Когда я выкарабкался на полуостровок, Ралф вручил мне маску и трубку.
— Здесь, неглубоко. Распластался на камне, большущий. — Он показал руками размеры. — Осьминог. Великан. Полакомимся вечерком.
Стэнли и Эмманюель никогда не ходили с нами к уединенным бухточкам и галечным пляжам. Большей частью оставались на даче: Стэнли за столиком на террасе работал над сценарием «Августа», а Эмманюель не спеша плавала в бассейне. Или же оба ездили по окрестным деревням и городкам, посещали музеи, церкви и монастыри. Стэнли брал с собой цифровой фотоаппарат с большим дисплеем. И по возвращении показывал нам отснятые кадры.

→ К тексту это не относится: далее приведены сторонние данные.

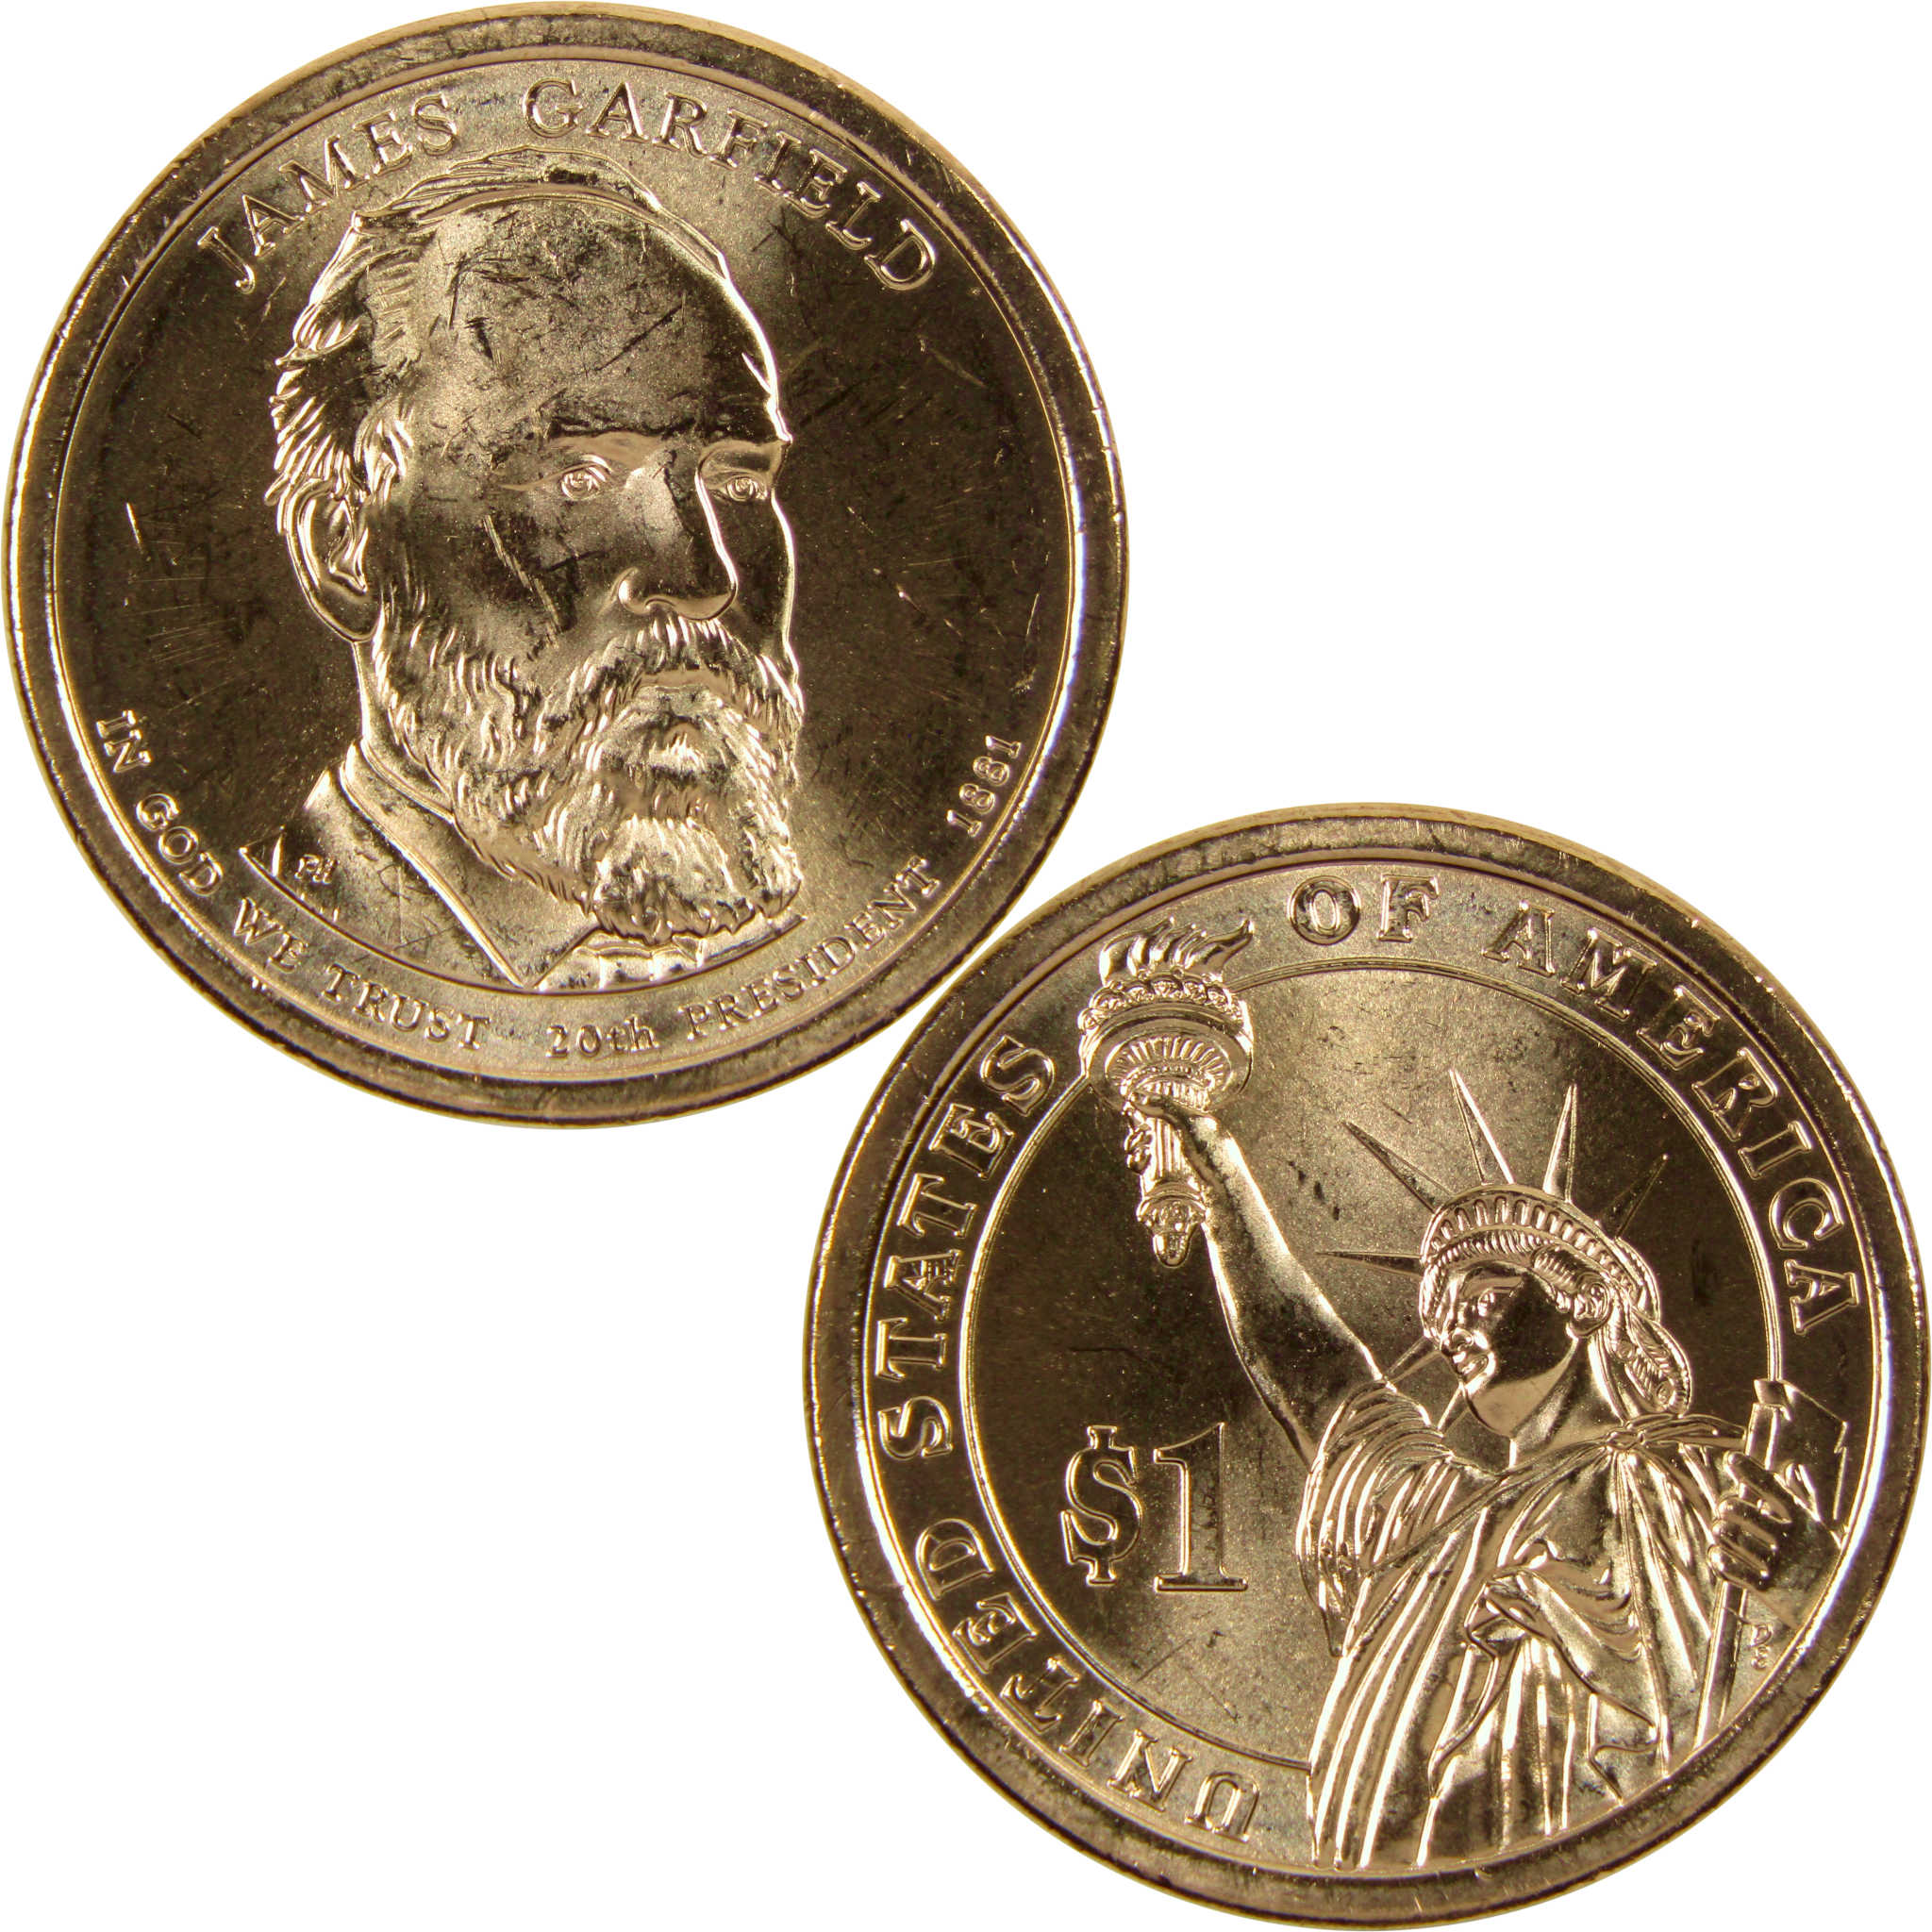 2011 D James A Garfield Presidential Dollar BU Uncirculated $1 Coin

Башенные шпили, аркады и монастырские сады. Я старался выказать интерес, что давалось мне нелегко. Было там и множество фотографий Эмманюель: Эмманюель сидит, поджав ноги, на стеночке возле какой-то конной статуи; Эмманюель в кокетливой позе у пруда с фонтаном, бьющим из каменных карпов; Эмманюель в уличном кафе у стола, покрытого белой скатертью, из ведерка на столе виднеется обернутое белой же салфеткой горлышко бутылки; Эмманюель, обсасывающая ножку не то краба, не то креветки. Фотографии Эмманюель преобладали. Порой Стэнли задерживал на дисплее ее фото.
— Вы посмотрите, — говорил он тогда, и на губах его возникала мечтательная усмешка. — Ну разве же не хороша?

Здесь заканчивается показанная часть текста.